Même si tous les objectifs initiaux de ce processus n’ont pas été atteints, ces discussions ont créé les conditions de la participation des trois plus grands partis du pays aux élections législatives du 6 mars dernier : le Rassemblement des Houphouëtistes pour la Démocratie et la Paix (RHDP, coalition au pouvoir), le Front populaire ivoirien (FPI) de Laurent Gbagbo et le Parti démocratique de Côte d’Ivoire (PDCI) d’Henri Konan Bédié. Une première depuis 26 ans !
L’on se rappelle également qu’Hambak a échangé, le 6 janvier 2021 à Abidjan, avec deux émissaires de l’ex-président Laurent Gbagbo, sur les modalités de son retour en Côte d’Ivoire, après l’obtention de ses deux passeports.
Obsèques nationales
La dépouille d’Hamed Bakayoko est arrivée, samedi dernier, à l’aéroport international Félix Houphouët-Boigny d’Abidjan. Sur le tarmac, Alassane Ouattara, des membres du gouvernement et des autorités religieuses et coutumières ont partagé l’affliction de la famille éplorée.
Le président ivoirien a décrété un deuil national de 8 jours à compter du 12 mars.

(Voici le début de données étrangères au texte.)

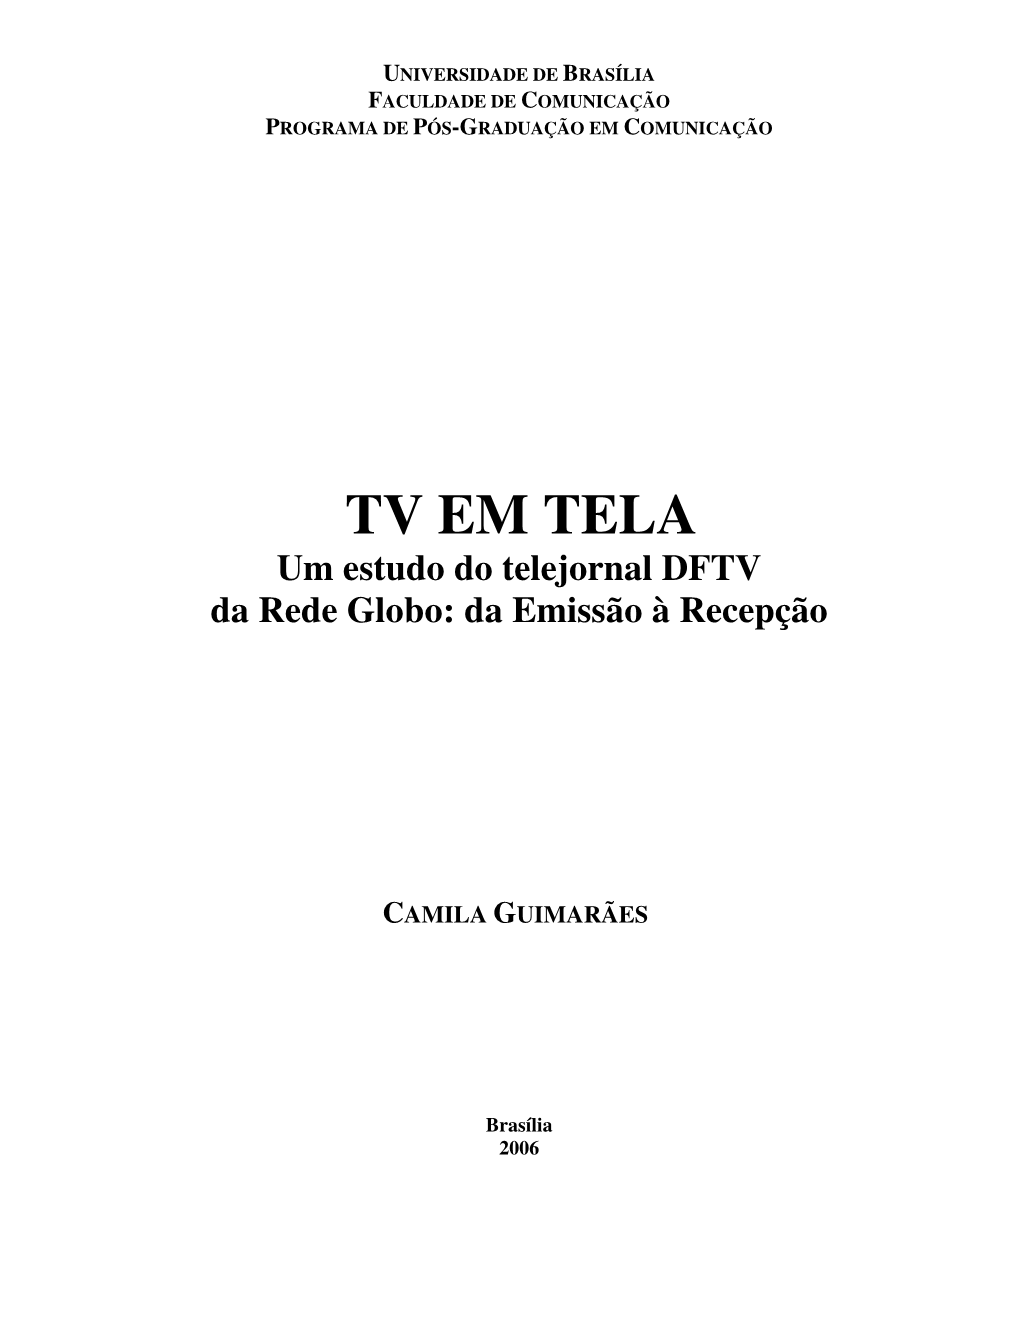 TV EM TELA Um Estudo Do Telejornal DFTV Da Rede Globo: Da Emissão À Recepção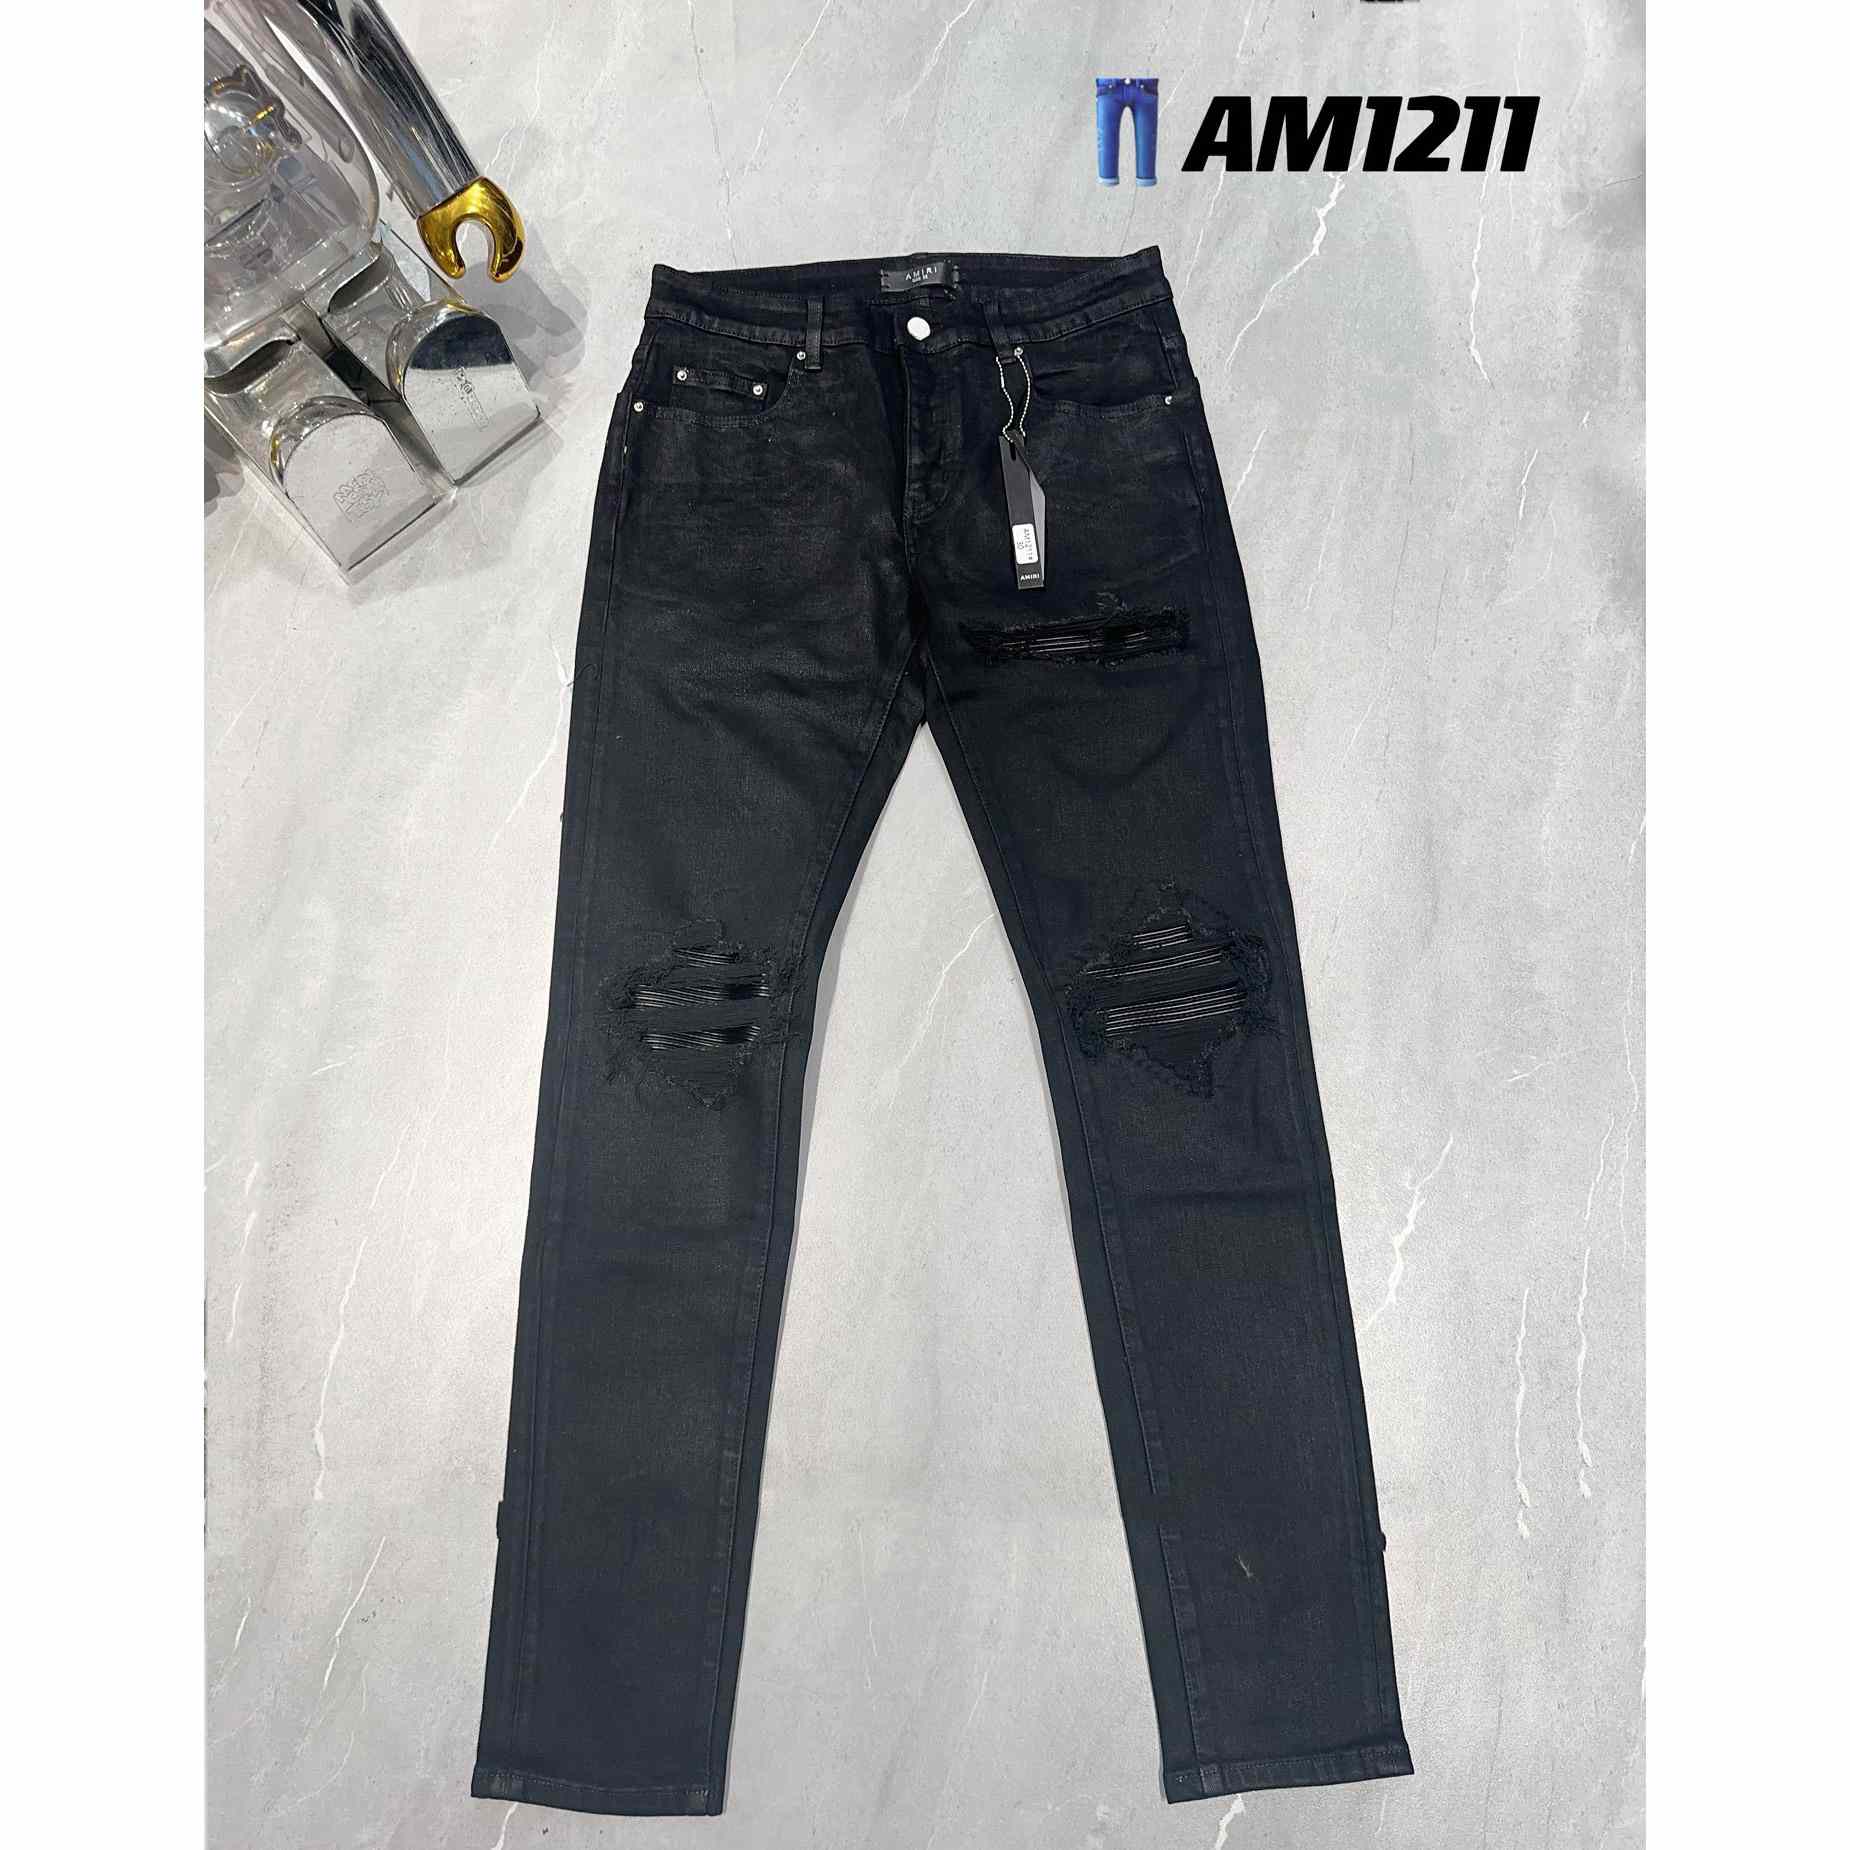 Amiri Jeans     AM1211 - DesignerGu

Un hommage solennel sera rendu, ce mercredi 17 mars, au disparu à la Présidence de la République.
Le recueillement sera prolongé au stade Alassane Ouattara d’Ebimpé (Anyama, Abidjan). Dans cette infrastructure sportive moderne, des artistes vont saluer, en musique, la mémoire de l’ancien Premier ministre. Il en a été ainsi pour Dj Arafat (1986-2019), ami d’Hambak.
Par la suite, la dépouille sera transférée le lendemain à Séguéla (Nord-Ouest) où aura lieu vendredi l’inhumation « dans la stricte intimité familiale ».